Sementara itu, Camat Passi Barat, Marief Mokodompit, mengatakan, bahwa sunatan masal gratsi ini sangat membantu warga. Apalagi ditengah kondisi pandemi seperti saat ini, perekonomian masyarakat belum stabil.

“Kegiatan sunatan massal pada hari ini sangat membantu masyarakat, khususnya warga masyarakat di 13 desa yang ada di Kecamatan Passi Barat. Ini kelihatan dari antusias masyarakat untuk mengikut sertakan anak-anak mereka dalam sunatan masal ini,” ujar Marief.
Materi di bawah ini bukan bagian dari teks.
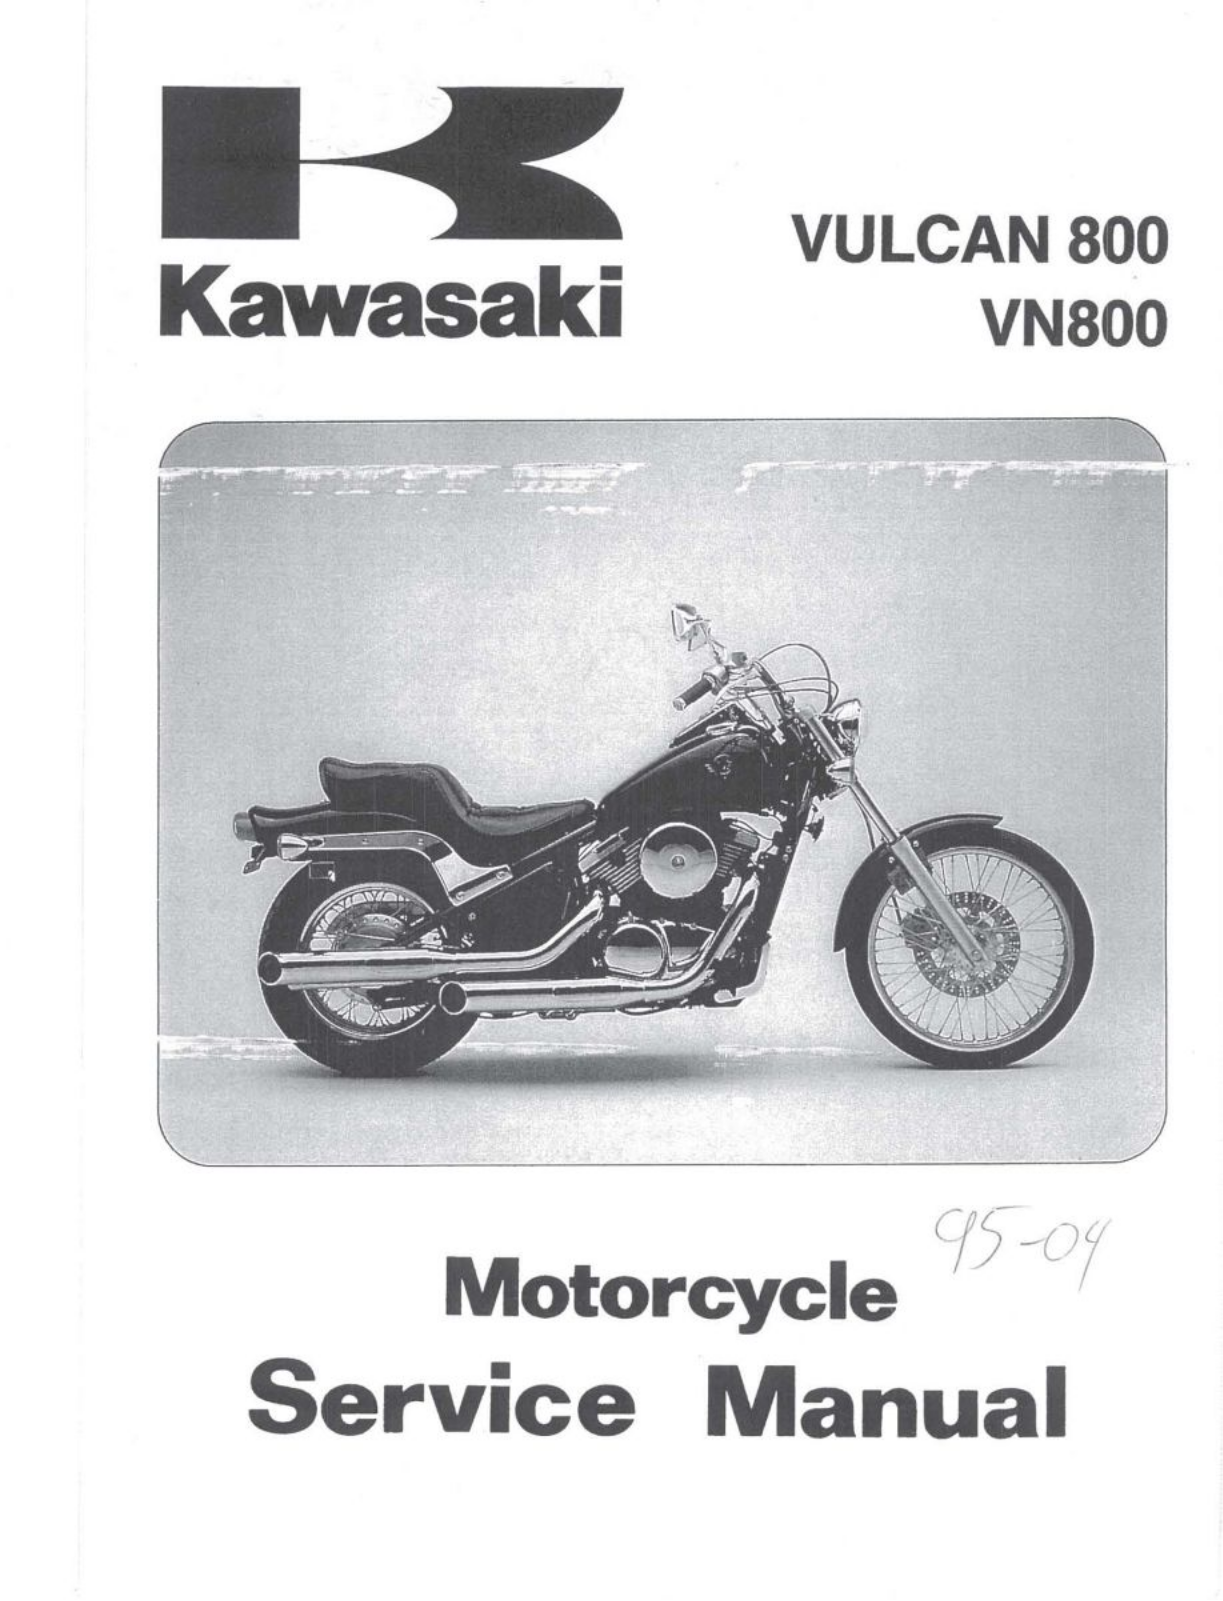 Kawasaki VN800 User Manual

Dinkes Bolmong Gelar Kegiatan Sunatan Masal Gratis di Kecamatan Passi Barat Advertorial Bolmong Headline Terkini

Menurutnya, masyarakat sangat bersyukur dengan adanya kegiatan tersebut. Karena anak-anak saat ini masih dalam kondisi belajar secara daring dan luring. Sehingga sudah tepat walaupun dilakukan di tengah pandemi. Jadi anak-anak tetap bisa mengikuti kegiatan belajar dirumah.

Kegiatan ini sebelum dilaksanakan, pihaknya sudah merancang terkait dengan penerapan protokol kesehatan, untuk menghindari kerumunan. Mulai dari penggunaan masker untuk panitia dan peserta, hand sanitizer, jaga jarak hingga mengatur anak-anak.

“Sunatan masal yang dilakukan kali ini merupakan salah satu implementasi dari kepedulian pemerintah daerah terhadap masyarakat. Sehingga pemerintah ambil bagian untuk membantu warga,” ungkap Mokodompit.

Ia berharap, kegiatan sunatan masal gratis di Kecamatan Passi Barat dapat memberikan kontribusi positif bagi masyarakat yang ada di setiap Desa. “Untuk Kecamatan Passi Barat, terdapat 13 desa dengan jumlah anak yang dikhitan berjumlah 62 orang anak,” tutupnya.